WHAT THE TASK REQUIRES
Your copy should begin with the line containing "Petrol fiyatları çığrından çıktı", end with the line containing "Bitcoin (BTC) établit", match the listing below exactly, and contain no pictures.

SOURCE RECORDS
= Beginning of Section =

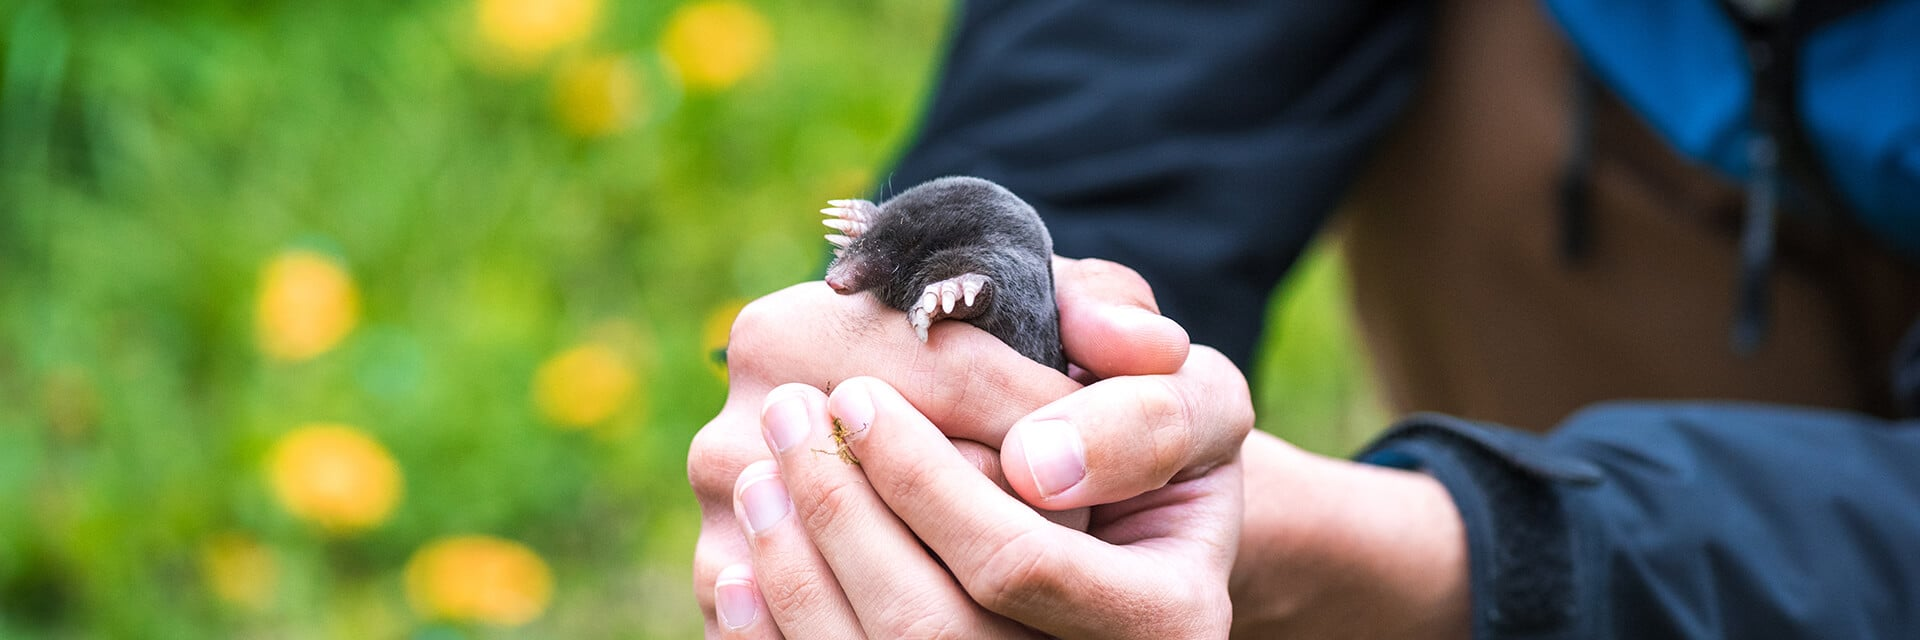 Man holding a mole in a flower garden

= End of Section =
= Beginning of Section =

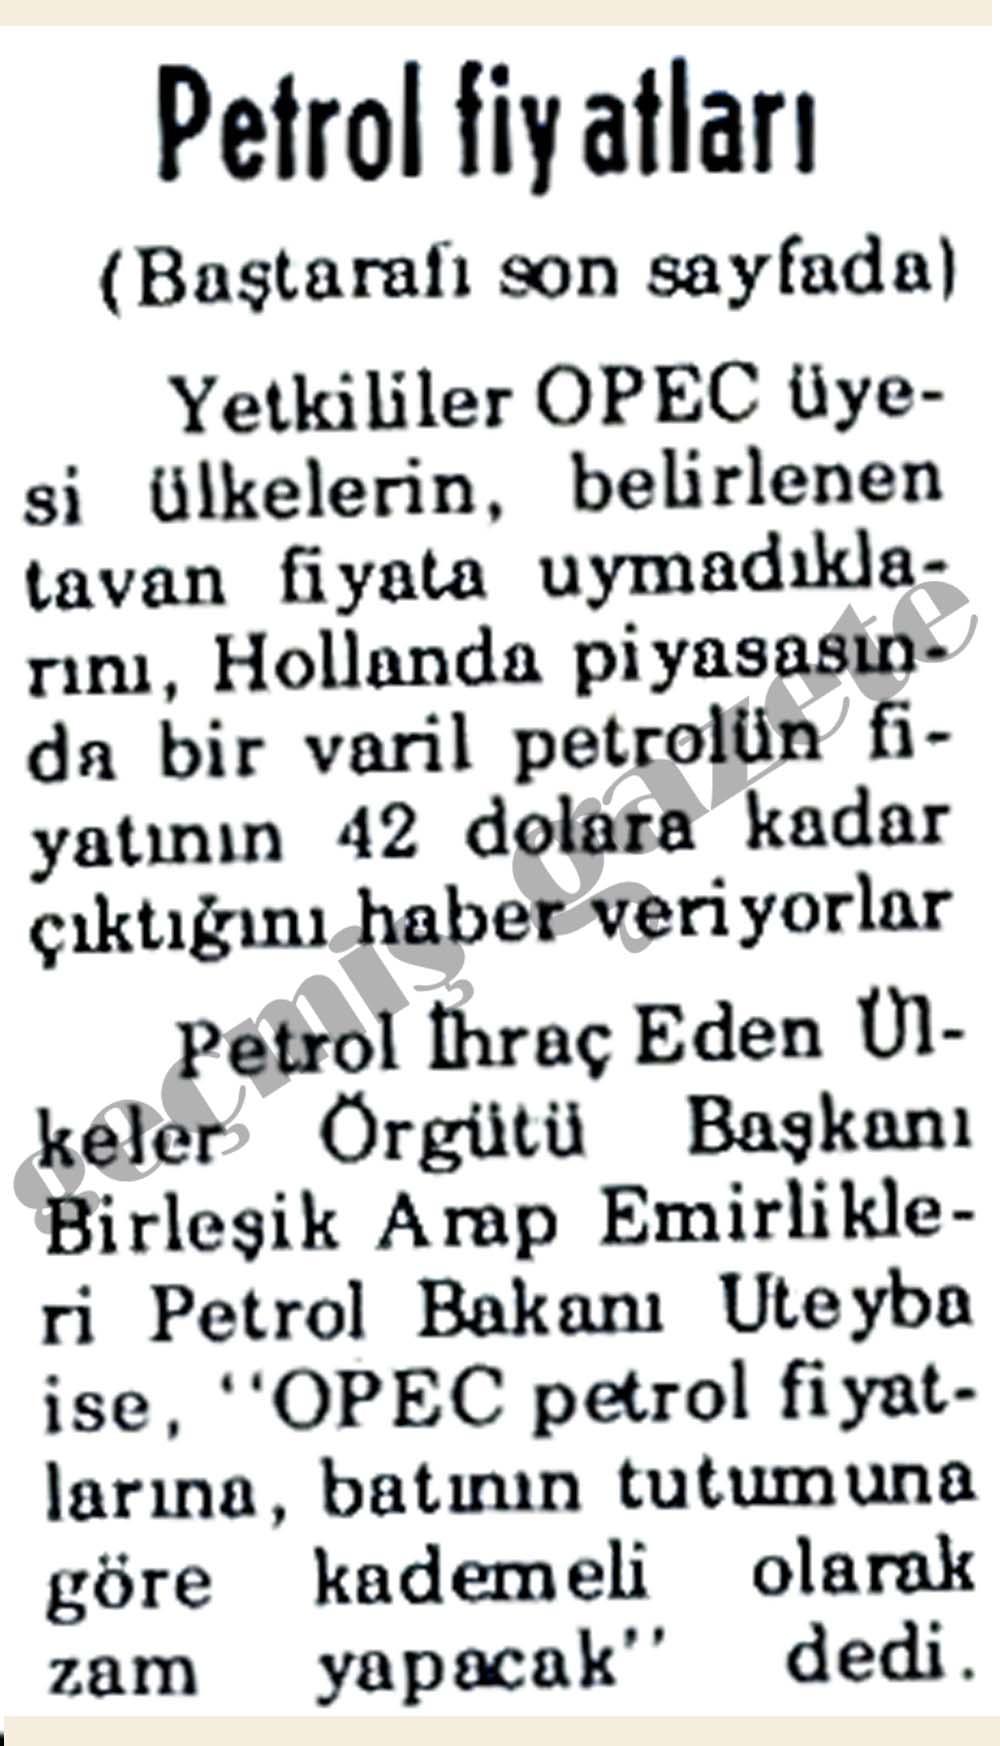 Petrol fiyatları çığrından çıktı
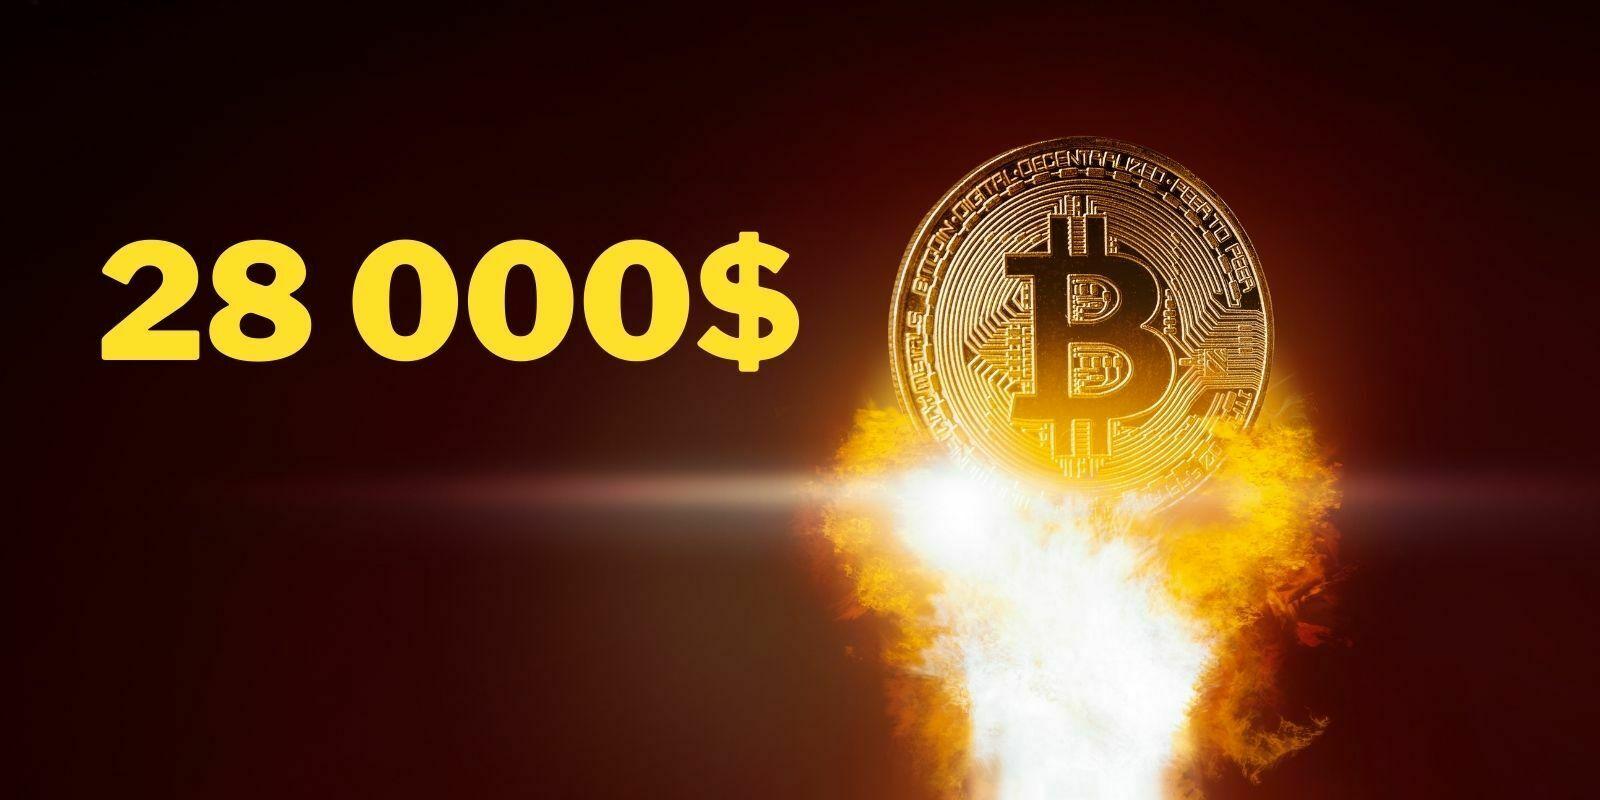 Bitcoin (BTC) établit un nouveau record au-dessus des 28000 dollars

= End of Section =

YOUR RESPONSE
 Petrol fiyatları çığrından çıktı
 Bitcoin (BTC) établit un nouveau record au-dessus des 28000 dollars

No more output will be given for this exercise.